Tuesday, November 27, 2012

I'm Not All Right, I'm Not Okay, But I'll Seem Fine Anyway


Because I'm thinking about her a lot, I just have to point out just how well my Nana knew me. Apparently, she had started sorting out which of her things went to who in the family before she died. I have never, ever been one to get or want fancy jewelry. Any of you who have met me know this. Nana did, too. She left me a few items of jewelry that to most people would be simple, but to me mean everything.

She left me a gold ring with three small opals in it; an opal pendant surrounded by small diamonds and on a gold chain; a small cameo pendant that was one of the first pictures taken of Chey for Kindergarten; and what looks to be a very old bronze or rose gold ring that originally had three stones in it, but one is missing. I don't know what it is or even what the tiny stones are, but it means the world to me because it's a mystery and something she wanted me to have. She knew these small items (small to most people) would be things I cherished because they came from her.

I came home and realized that after the fire, I don't have any pictures of Nana and I together any longer because the photo album was on the shelf of notebooks by the fireplace. I don't have any photos of any of my family because all of them had been going into that album.

My Uncle Robby let me bring back one of Nana's stuffed bears home with me, but now I wonder if I can ask him and Derek for another after all that's happened. It seems silly, but Nana and I collected stuffed animals and dolls together and right now, I really could use some help feeling her with me.

Because right now, I barely do and it keeps tearing me up inside that I can't feel her and I can't get the grief to come out.

Sunday, November 18, 2012

House Fire


I am exhausted, in pain, not feeling well and have the taste of soot in my mouth and lungs.  Bah.

We got a lot done, today, thanks to the help of some wonderful people. I think that all of the surviving furniture except what is in my room was shuffled off to the storage unit. Chey salvaged what she could from her room and I got a great deal of packing done in mine. Even with wearing a face mask, my chest is still hurting -- possibly from the asthma attack that knocked me out of being able to do much for awhile.  It should have stopped me for the day, but I felt bad about asking people to pack stuff up of mine without being there to help.
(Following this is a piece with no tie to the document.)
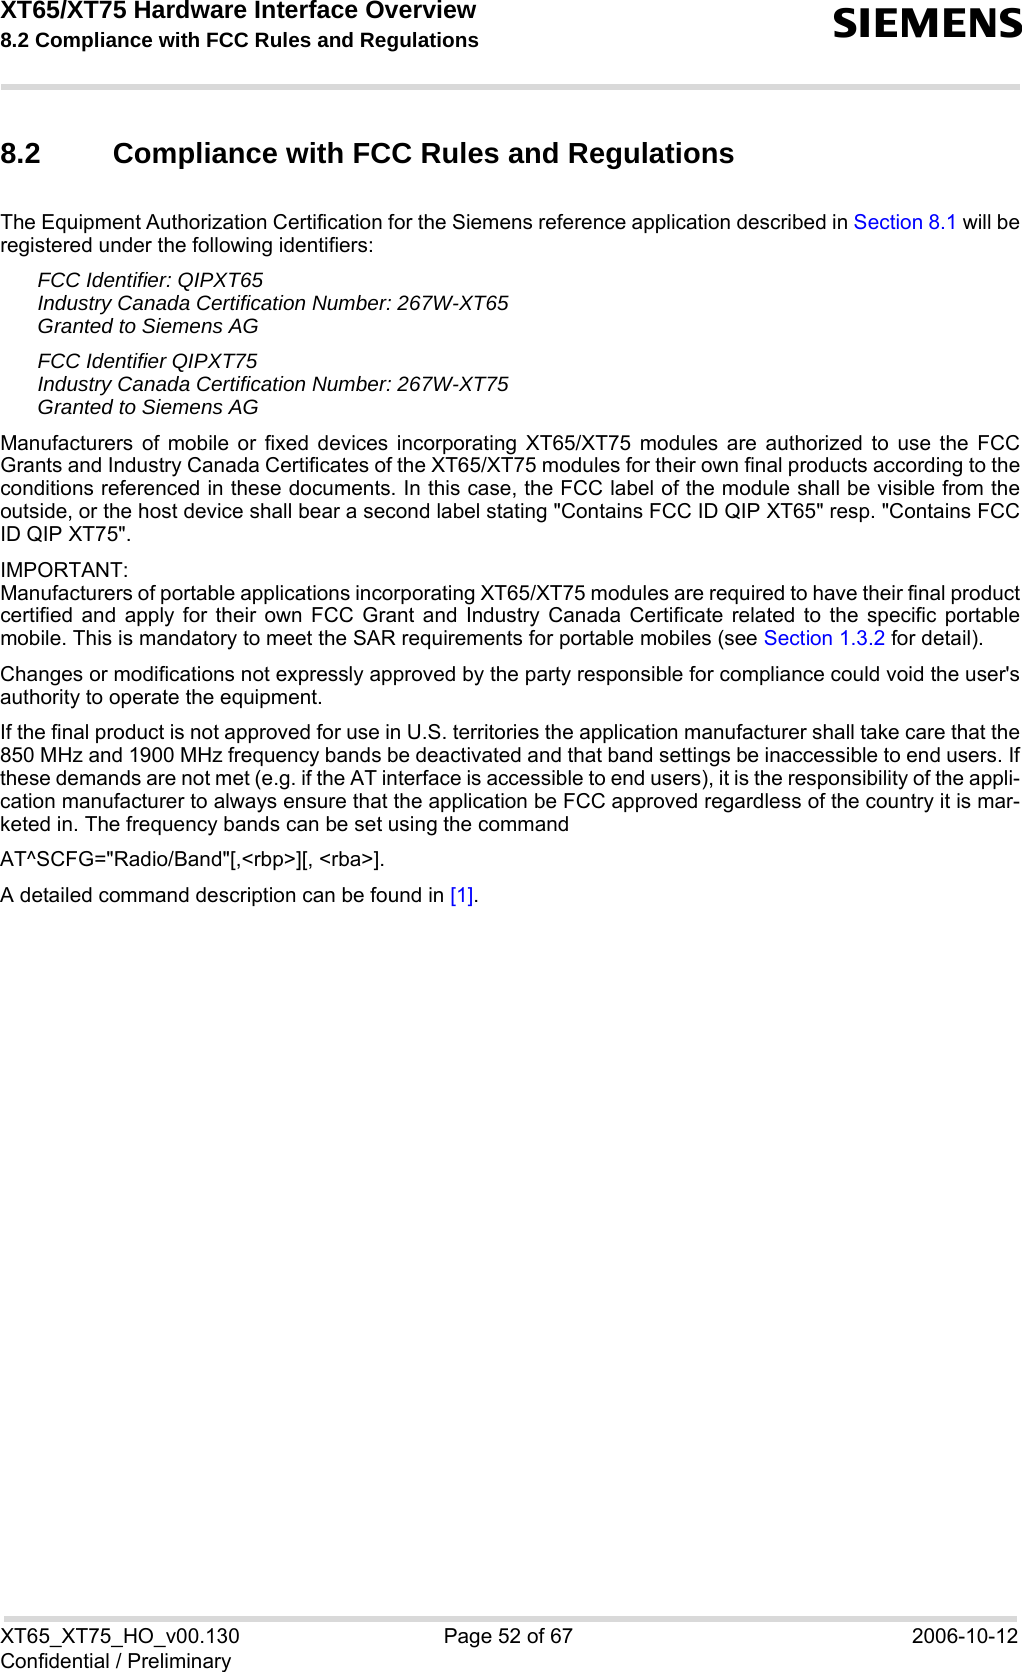 XT65/XT75 Hardware Interface Overview 8.2 Compliance with FCC Rules and Regulations sXT65_XT75_HO_v00.130 Page 52 of 67 2006-10-12Confidential / Preliminary8.2 Compliance with FCC Rules and Regulations The Equipment Authorization Certification for the Siemens reference application described in Section 8.1 will beregistered under the following identifiers:FCC Identifier: QIPXT65Industry Canada Certification Number: 267W-XT65Granted to Siemens AGFCC Identifier QIPXT75Industry Canada Certification Number: 267W-XT75Granted to Siemens AG Manufacturers of mobile or fixed devices incorporating XT65/XT75 modules are authorized to use the FCCGrants and Industry Canada Certificates of the XT65/XT75 modules for their own final products according to theconditions referenced in these documents. In this case, the FCC label of the module shall be visible from theoutside, or the host device shall bear a second label stating &quot;Contains FCC ID QIP XT65&quot; resp. &quot;Contains FCCID QIP XT75&quot;.IMPORTANT:Manufacturers of portable applications incorporating XT65/XT75 modules are required to have their final productcertified and apply for their own FCC Grant and Industry Canada Certificate related to the specific portablemobile. This is mandatory to meet the SAR requirements for portable mobiles (see Section 1.3.2 for detail).Changes or modifications not expressly approved by the party responsible for compliance could void the user&apos;sauthority to operate the equipment.If the final product is not approved for use in U.S. territories the application manufacturer shall take care that the850 MHz and 1900 MHz frequency bands be deactivated and that band settings be inaccessible to end users. Ifthese demands are not met (e.g. if the AT interface is accessible to end users), it is the responsibility of the appli-cation manufacturer to always ensure that the application be FCC approved regardless of the country it is mar-keted in. The frequency bands can be set using the command AT^SCFG=&quot;Radio/Band&quot;[,&lt;rbp&gt;][, &lt;rba&gt;]. A detailed command description can be found in [1].
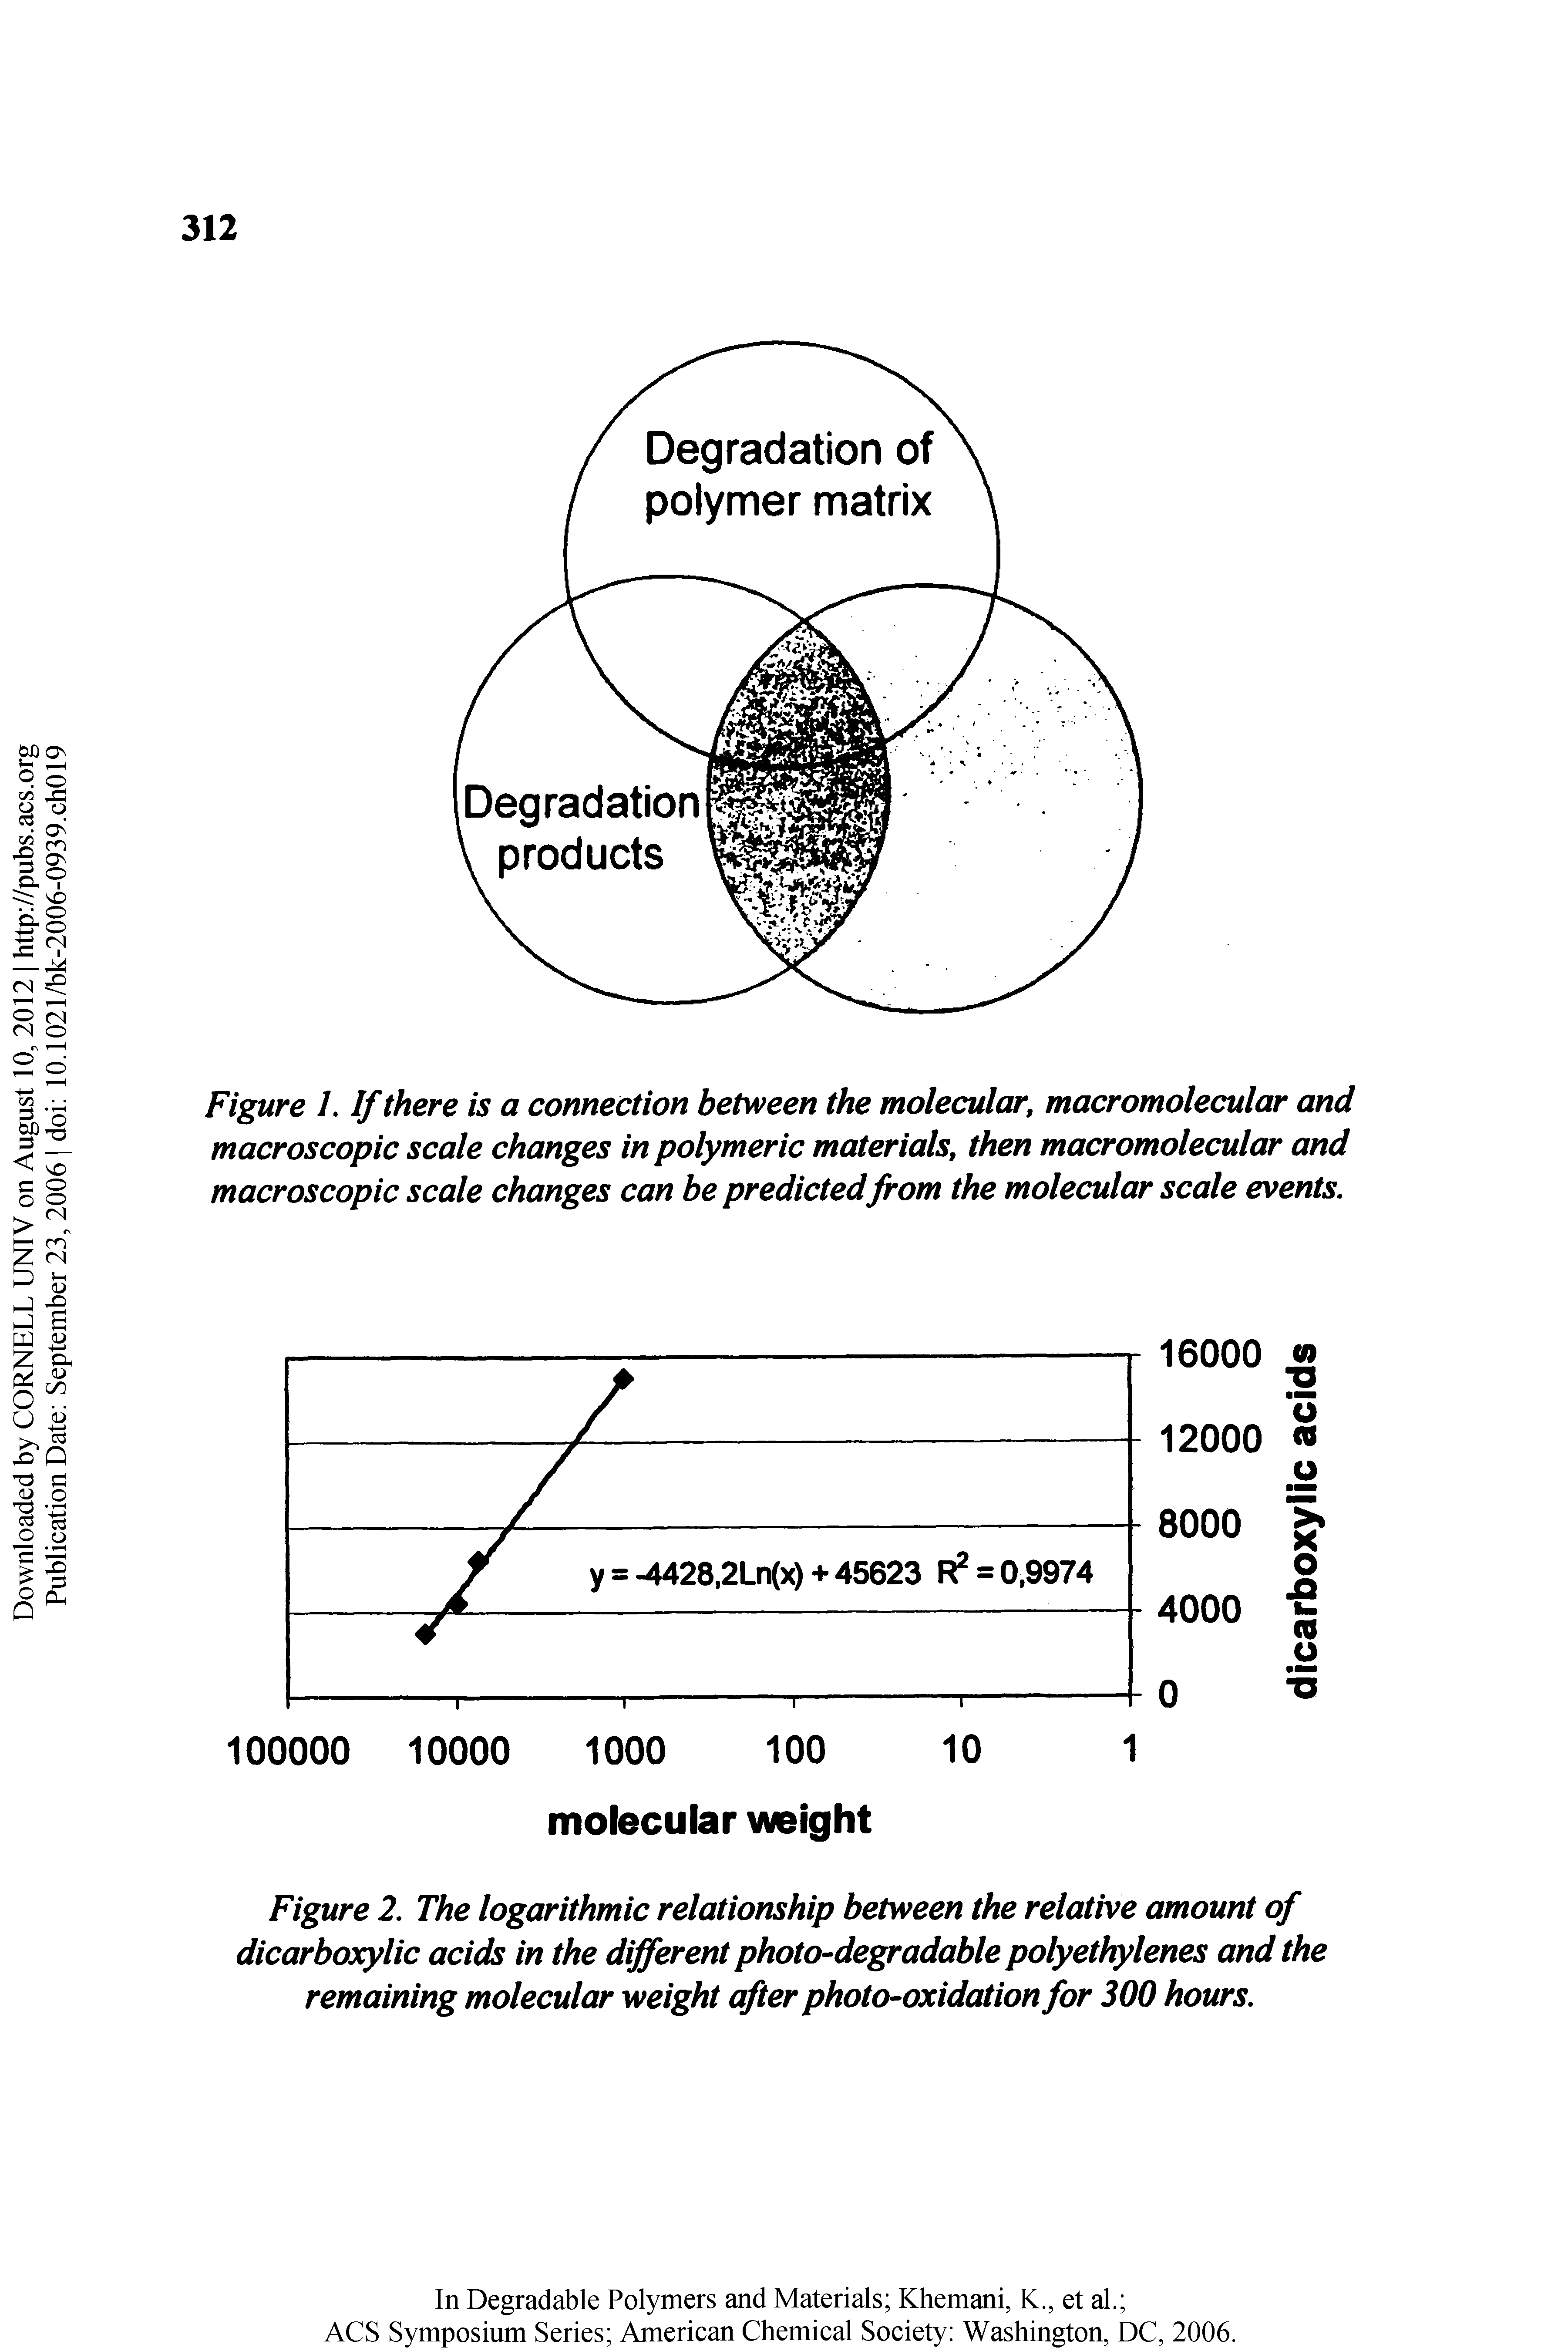 Figure 1. If there is a connection between the molecular, macromolecular and macroscopic scale changes in polymeric materials, then macromolecular and macroscopic scale changes can be predicted from the molecular scale events.

All that's left for me to pack up seems to be clothing, books and computer stuff and action figures/stuffed animals from the back room and bedclothes and whatever is in my closet.  Most of everything will be going to the storage space until we get a new place. I have no idea what shape the mattress beneath the sodden bedding is in.  I just know that being in the house was not a pleasant thing -- and we get to do it all again tomorrow.

I look forward to a long night of sleep in the future where I don't need to get up early for anything.  For now, I'm with Kajivar and Cheyenne  at Kajivar's hotel room.

See, what happened was that when Chey and I were at a memorial service for our Nana in Arizona, the other two roommates managed to set the house on fire. We got back to Maryland on Thursday night and wanted to cry when we saw what had happened. We managed to find the cat (Cairo) that had been missing since Monday.

Everything is such a mess. Some of my statues for my deities and muses were destroyed -- as well as two of the witchy rosaries a friend had made and sent to me. Several items of bedding that I loved are still soaked with water and it seems that mildew might already be growing in the mattress.

I'm so angry and scared and frustrated. But I can't have any of those external reactions right now. We have a place to stay for the short term -- up to six months, but we don't want to be in our friend's hair for that long.  We want to be on our own.

The apartment complex we want is one that I fell in love with over the summer but Chey didn't want to leave the neighborhood. She says that's not a worry now. She just wants us to find a place and soon.

Some of our friends have started a fundraiser for us Give Forward so that we can replace lost items and help to get us settled and hopefully find a new apartment. Please donate if you can or boost the signal. I should also have a list up soon of things we are going to be in need of. I also have plenty of friends trying to gather donations of clothing, shoes, warm jackets, towels, wash cloths, blankets, and other essentials.

This whole thing has also caused Chey and I not to be able to go to North Carolina for Thanksgiving like we wanted to so badly.  I wanted to have Thanksgiving with my family that I haven't had one with for about ten years. So, not only did we lose our Nana, lose our home, and the trip to spend down time with relatives. I had to upset my mom and sister by disappointing them when they were making plans.

I just... Chey lost almost everything and I lost some things, too.  I'm just so depressed about all of this. I'm so worried about what else what might happen and my anxiety is killing me.

~Scribal

Thursday, November 1, 2012

...

Everyone keeps telling me that grieving is a process. Apparently part of the process for me is crying because something I wanted on Etsy -- that I can't afford right now, anyway! -- was sold. I do not like this process. In fact, I don't want there to be a process at *all*.  I want to go back to Saturday and have this never have happened.